2. backend/cpp/turboquant/patch-grpc-server.sh: two new patch steps applied
   to the per-flavor build copy at turboquant-<flavor>-build/grpc-server.cpp:
   - substitute `ctx_server.impl->model_tgt` -> `ctx_server.impl->model`
   - inject `#define LOCALAI_LEGACY_LLAMA_CPP_SPEC 1` before the first
     `#include`, so the guarded blocks above drop out for the fork build.

   Both patches are idempotent and follow the existing sed/awk pattern in
   this script (KV cache types, `get_media_marker`, flat speculative
   renames).
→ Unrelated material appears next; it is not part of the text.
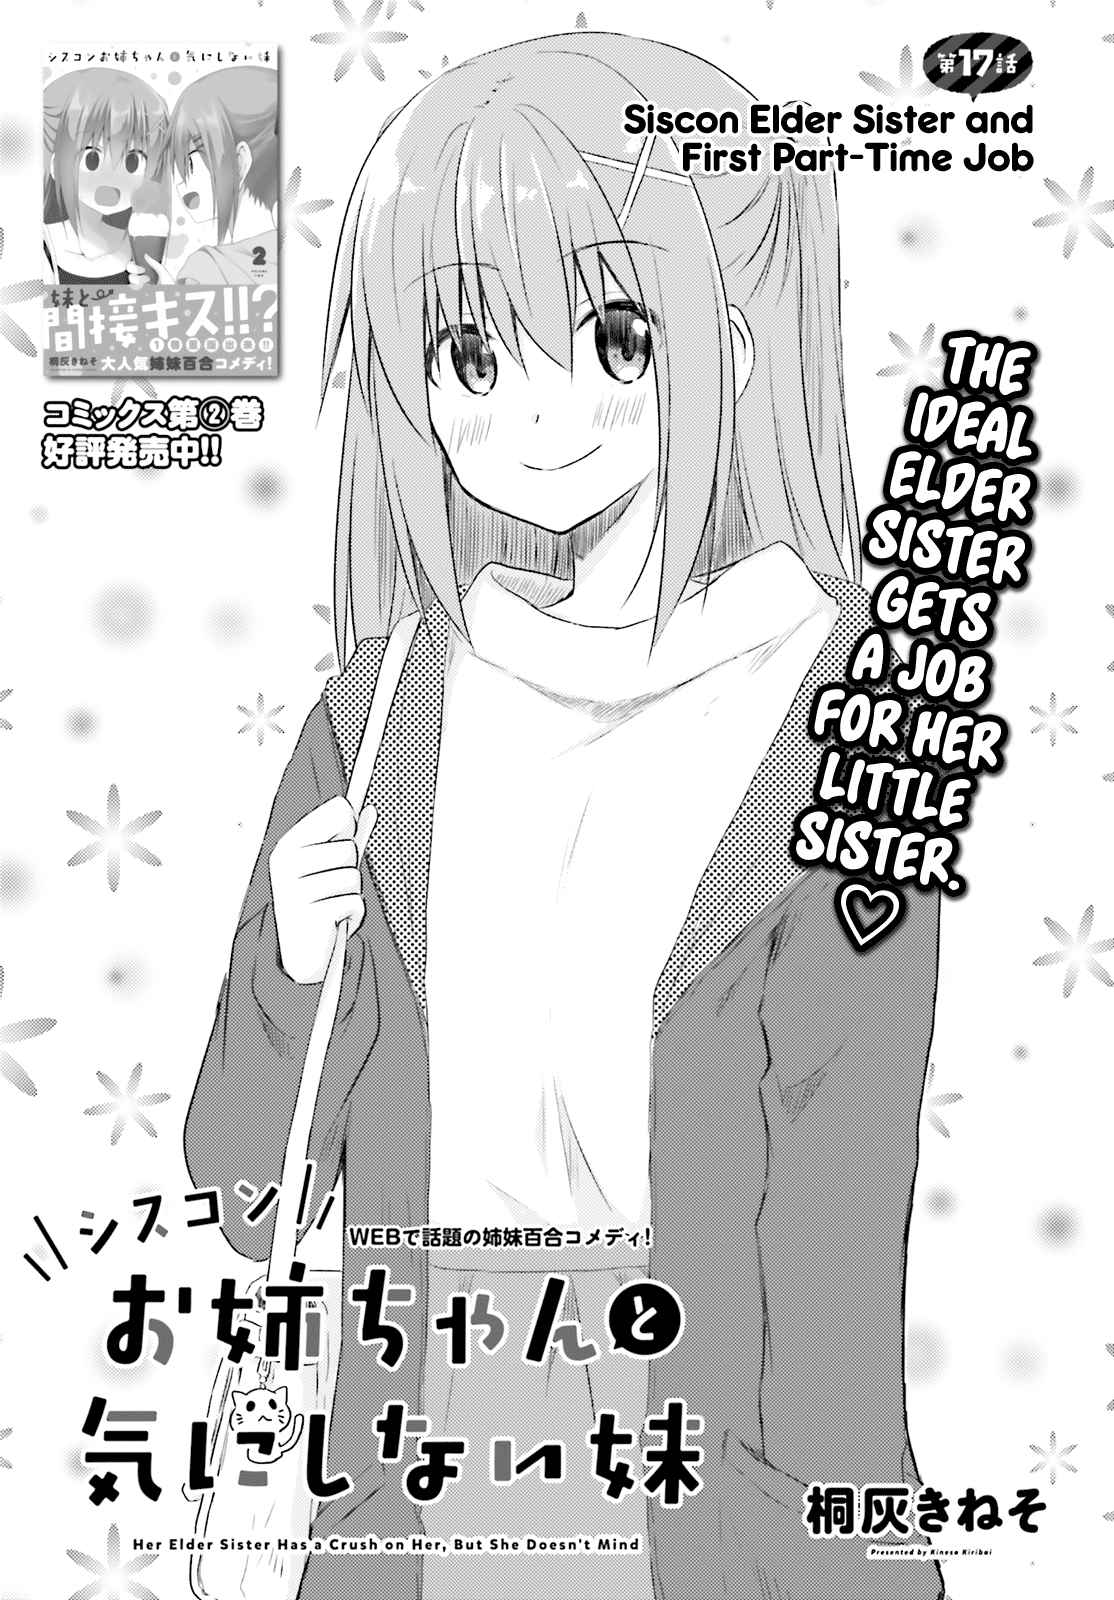 Her Elder Sister Has a Crush on Her, But She Doesn't Mind. Ch. 17 Siscon Elder Sister and First Part Time Job

Stock llama-cpp's `grpc-server.cpp` is never touched.

Drop both legacy patches once the turboquant fork rebases past
ggml-org/llama.cpp#22397 / #22838.

Signed-off-by: Ettore Di Giacinto <mudler@localai.io>

* fix(turboquant): close draft_ctx_size brace inside legacy guard

The previous turboquant fix wrapped the new option-handler blocks in
`#ifndef LOCALAI_LEGACY_LLAMA_CPP_SPEC ... #endif` but placed the guard
in the middle of an `else if` chain — the `} else if` openings of the
new blocks were responsible for closing the previous block's brace.
With the macro defined the new blocks vanish, draft_ctx_size's `{`
loses its closer, the for-loop's `}` is consumed instead, and the
file ends with a stray opening brace — clang reports it as
`function-definition is not allowed here before '{'` on the next
top-level `int main(...)` and `expected '}' at end of input`.
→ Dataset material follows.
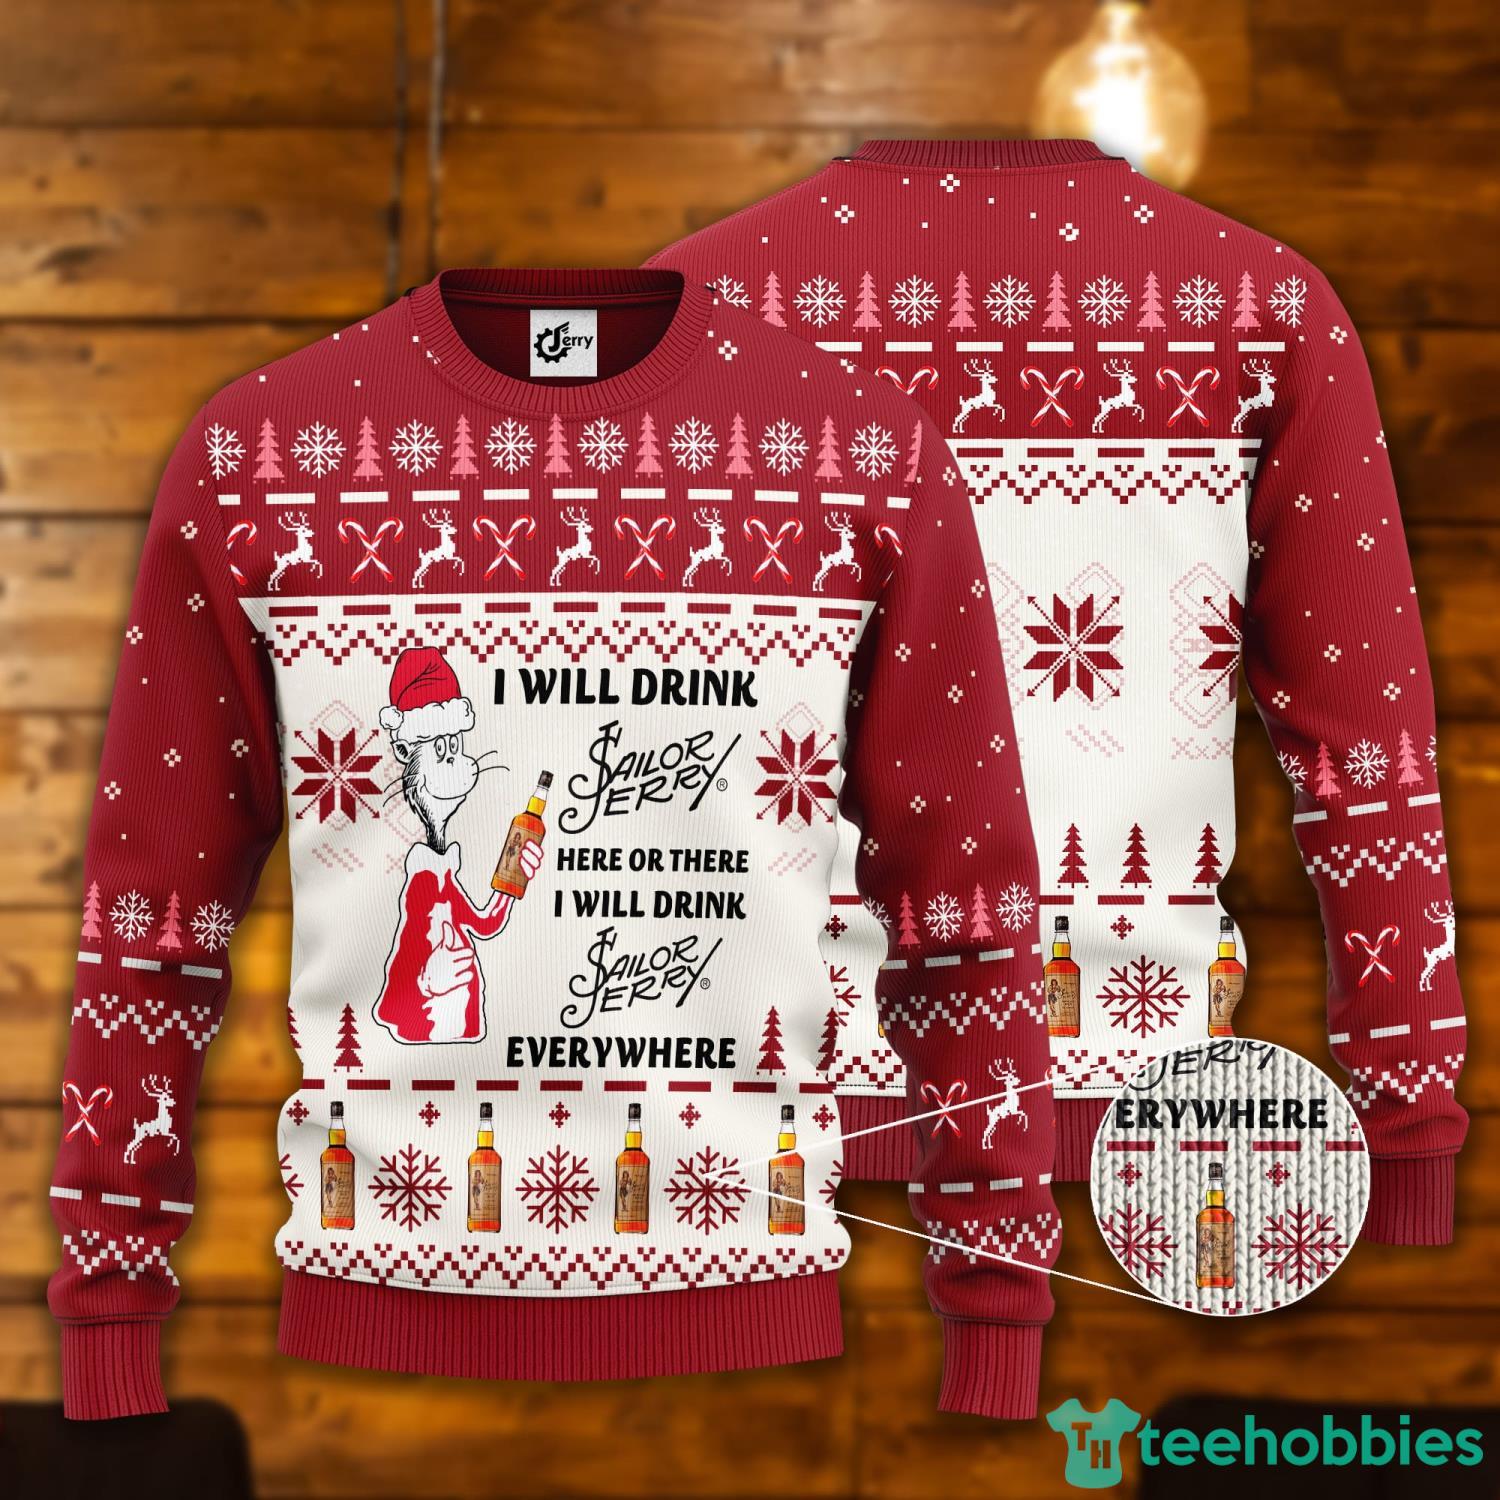 Dr. Seuss I Will Drink Sailor Jerry Here Or There Ugly Christmas Sweater Product Photo 1

Move the chain split inside the draft_ctx_size branch:

    } else if (... "draft_ctx_size") {
        // ...
#ifdef LOCALAI_LEGACY_LLAMA_CPP_SPEC
    }                                  // legacy: chain ends here
#else
    } else if (... "spec_ngram_mod_n_min") {  // modern: chain continues
        ...
    } else if (... "draft_override_tensor") {
        ...
    }                                  // closes last branch
#endif
    }                                  // closes for-loop

Brace count is now balanced under both preprocessor branches (verified
with `tr -cd '{' | wc -c` against the patched and unpatched outputs).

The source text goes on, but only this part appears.